▶ _Required work_:
Print exactly the lines of the listing below from the one containing "The seat pad has been professionally" through the final line, both included, and no pictures.

▶ _Provided data_:
==*==

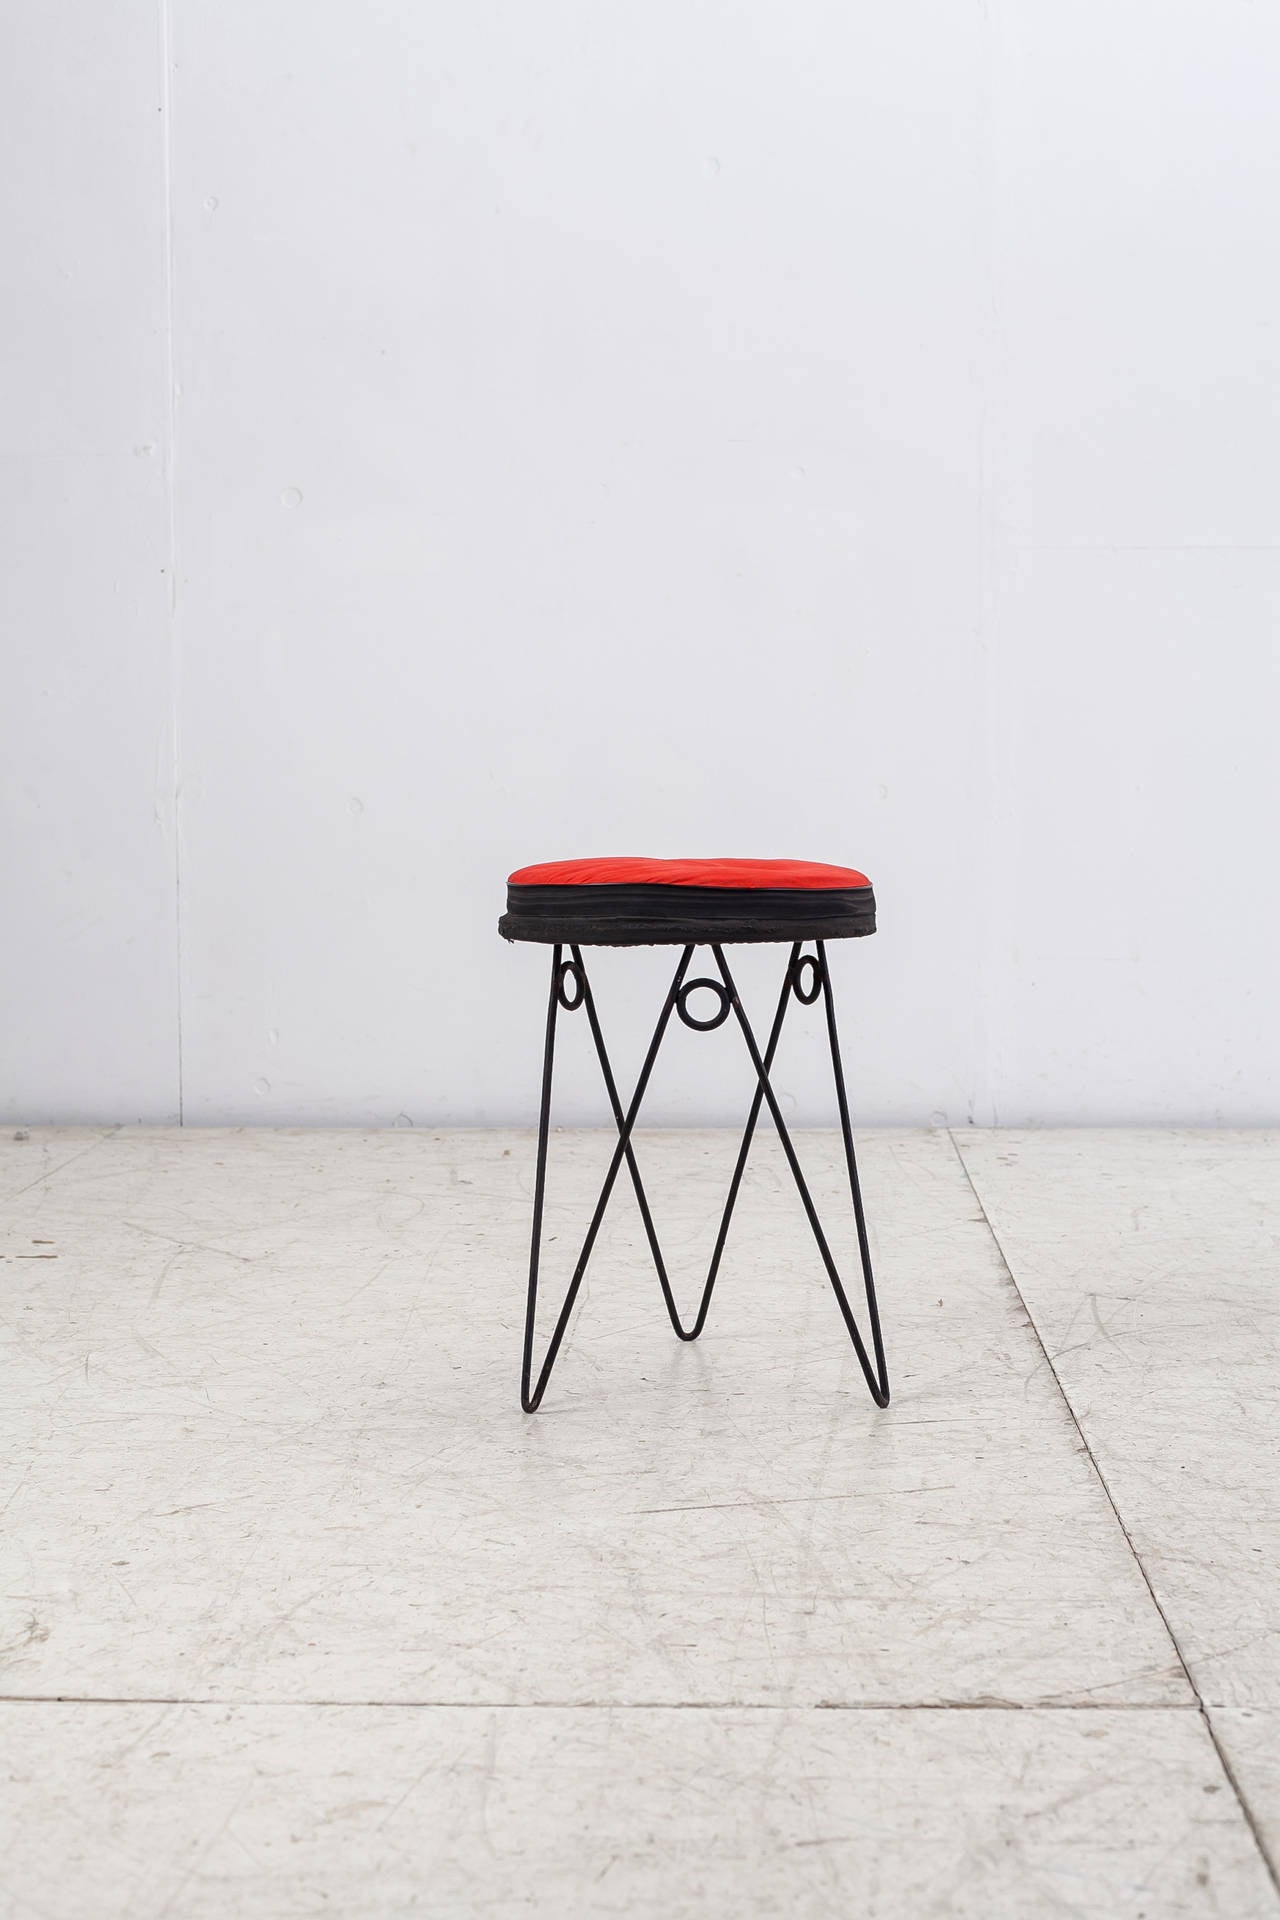 A 1950s French stool by Jean Royère or in the manner of. The stool is made of a playful iron hairpin frame with a black and red fabric seat pad. The frame is strongly reminiscent of Royère's 'Yo-Yo' series.

The seat pad has been professionally
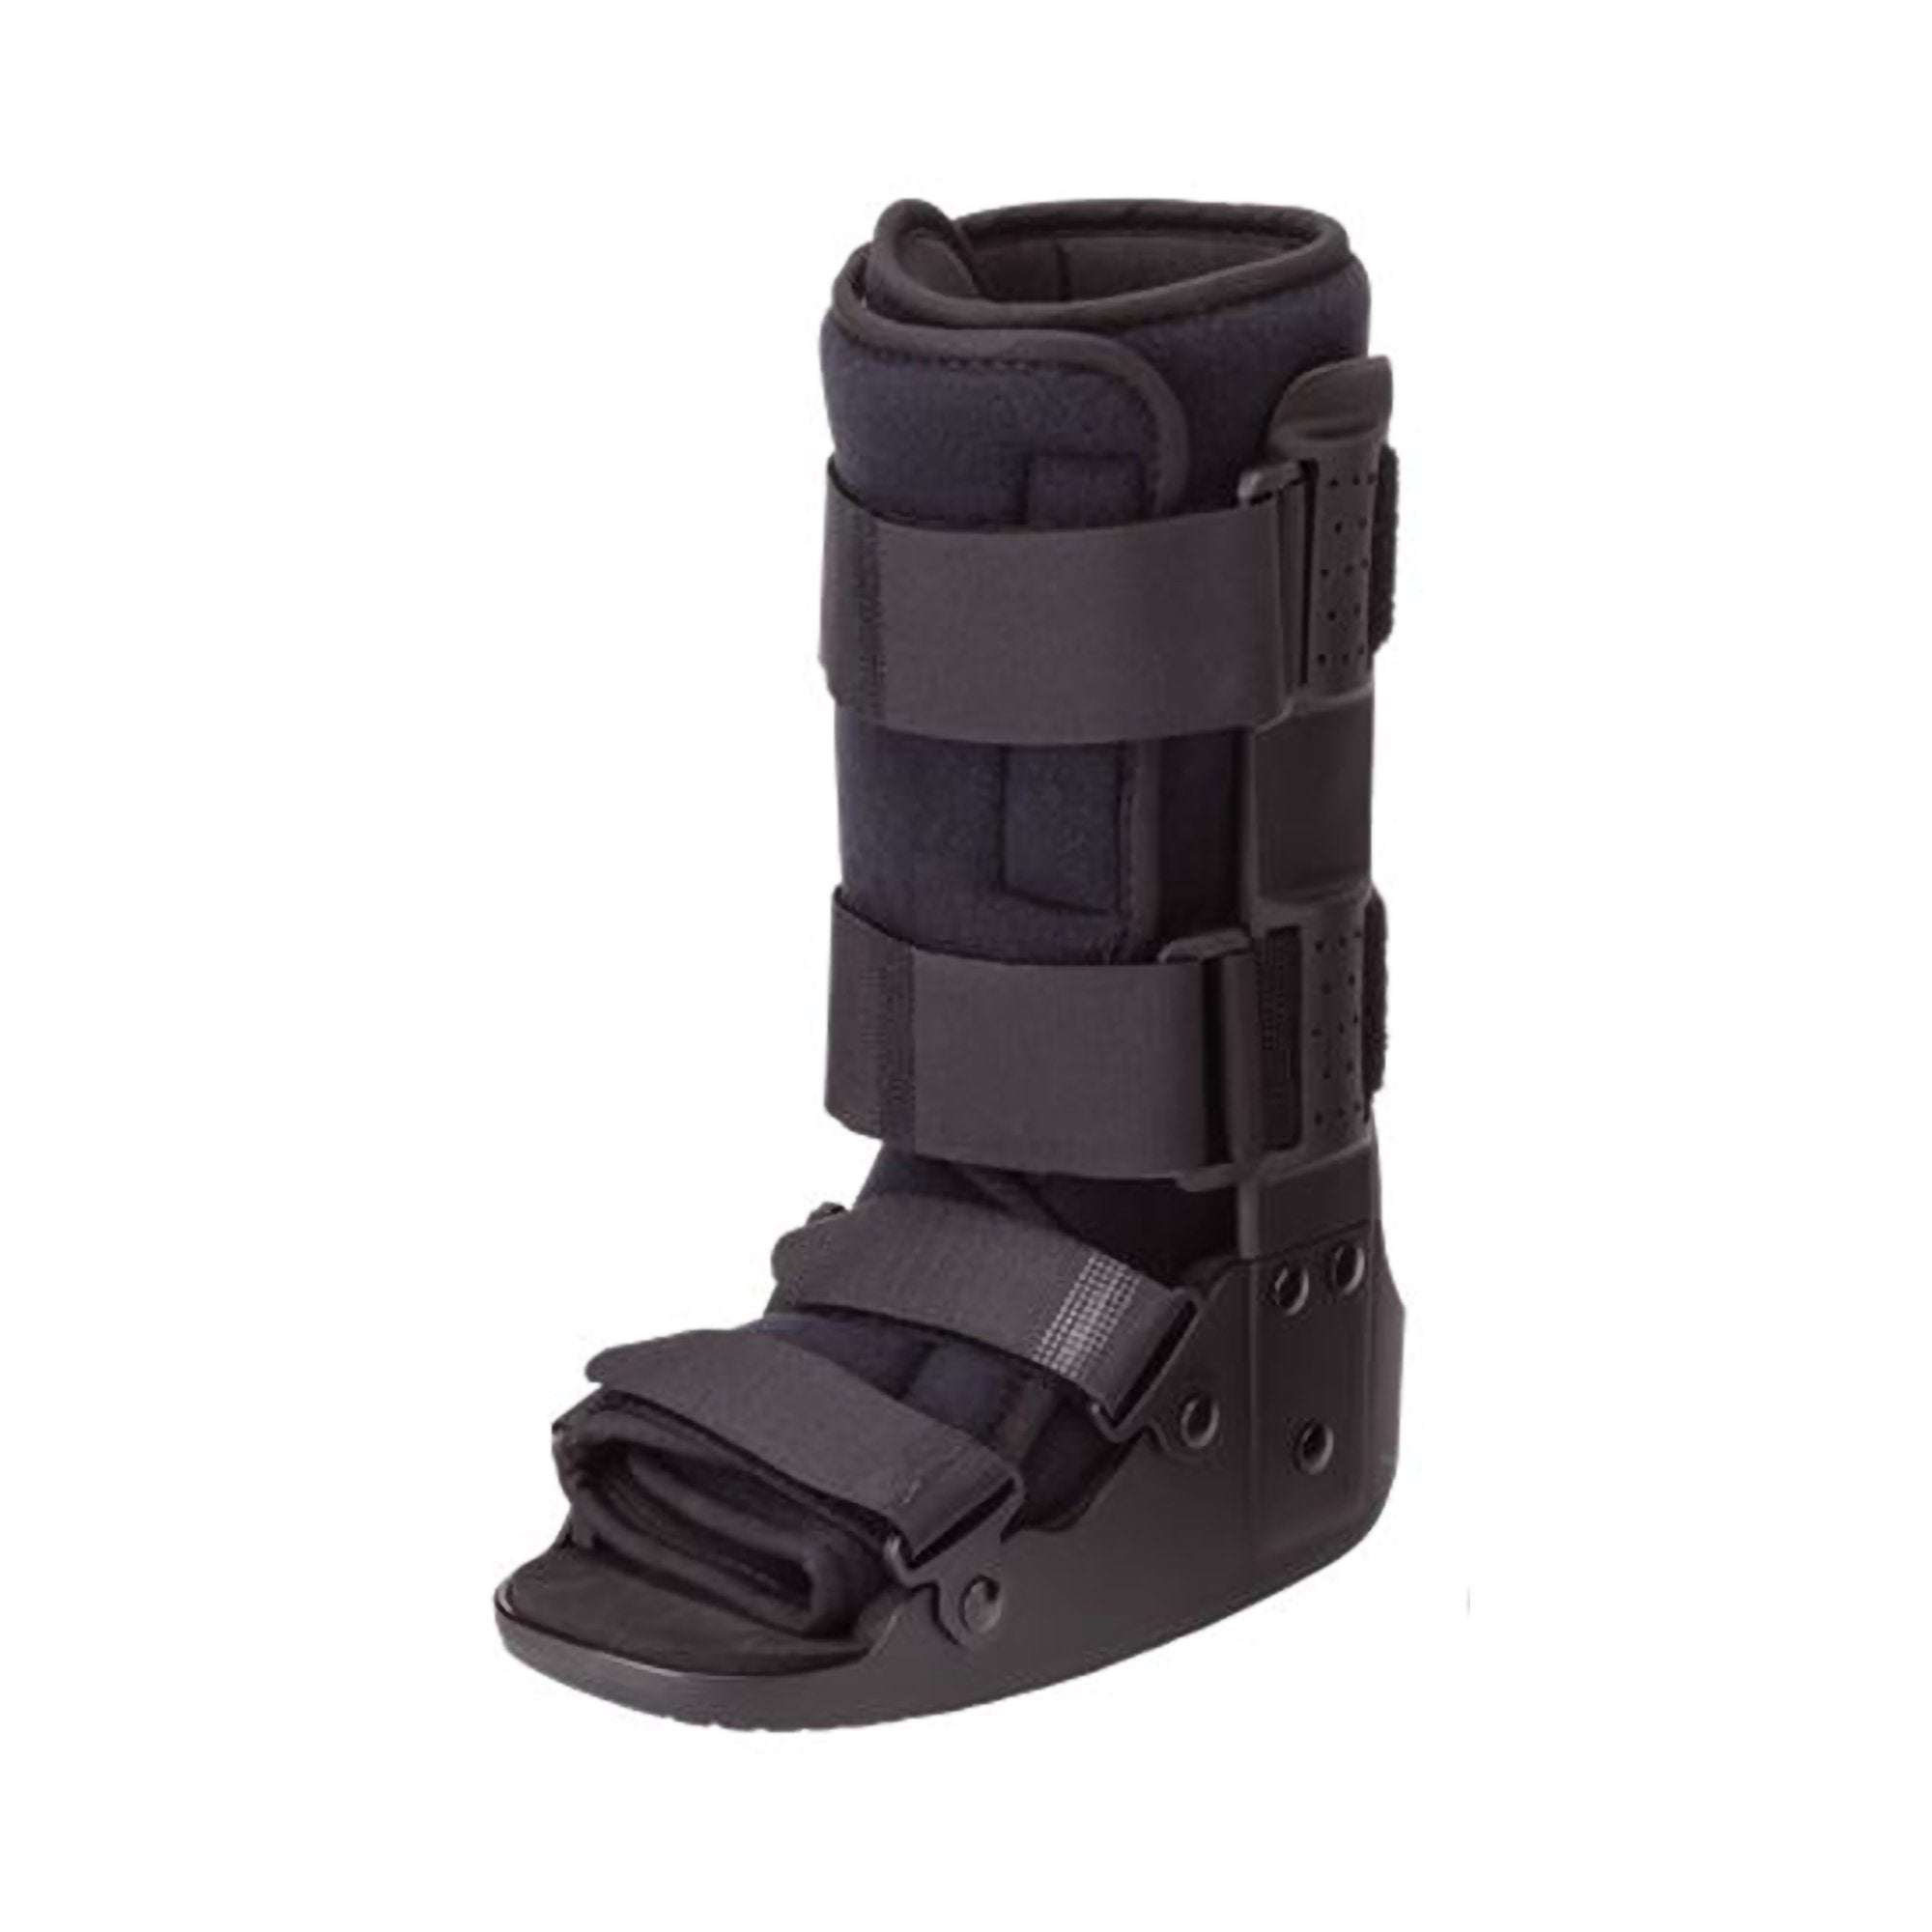 Walker Boot Ossur® Non-Pneumatic Large Left or Right Foot Pediatric

==*==

▶ _Result_:
The seat pad has been professionally
 Walker Boot Ossur® Non-Pneumatic Large Left or Right Foot Pediatric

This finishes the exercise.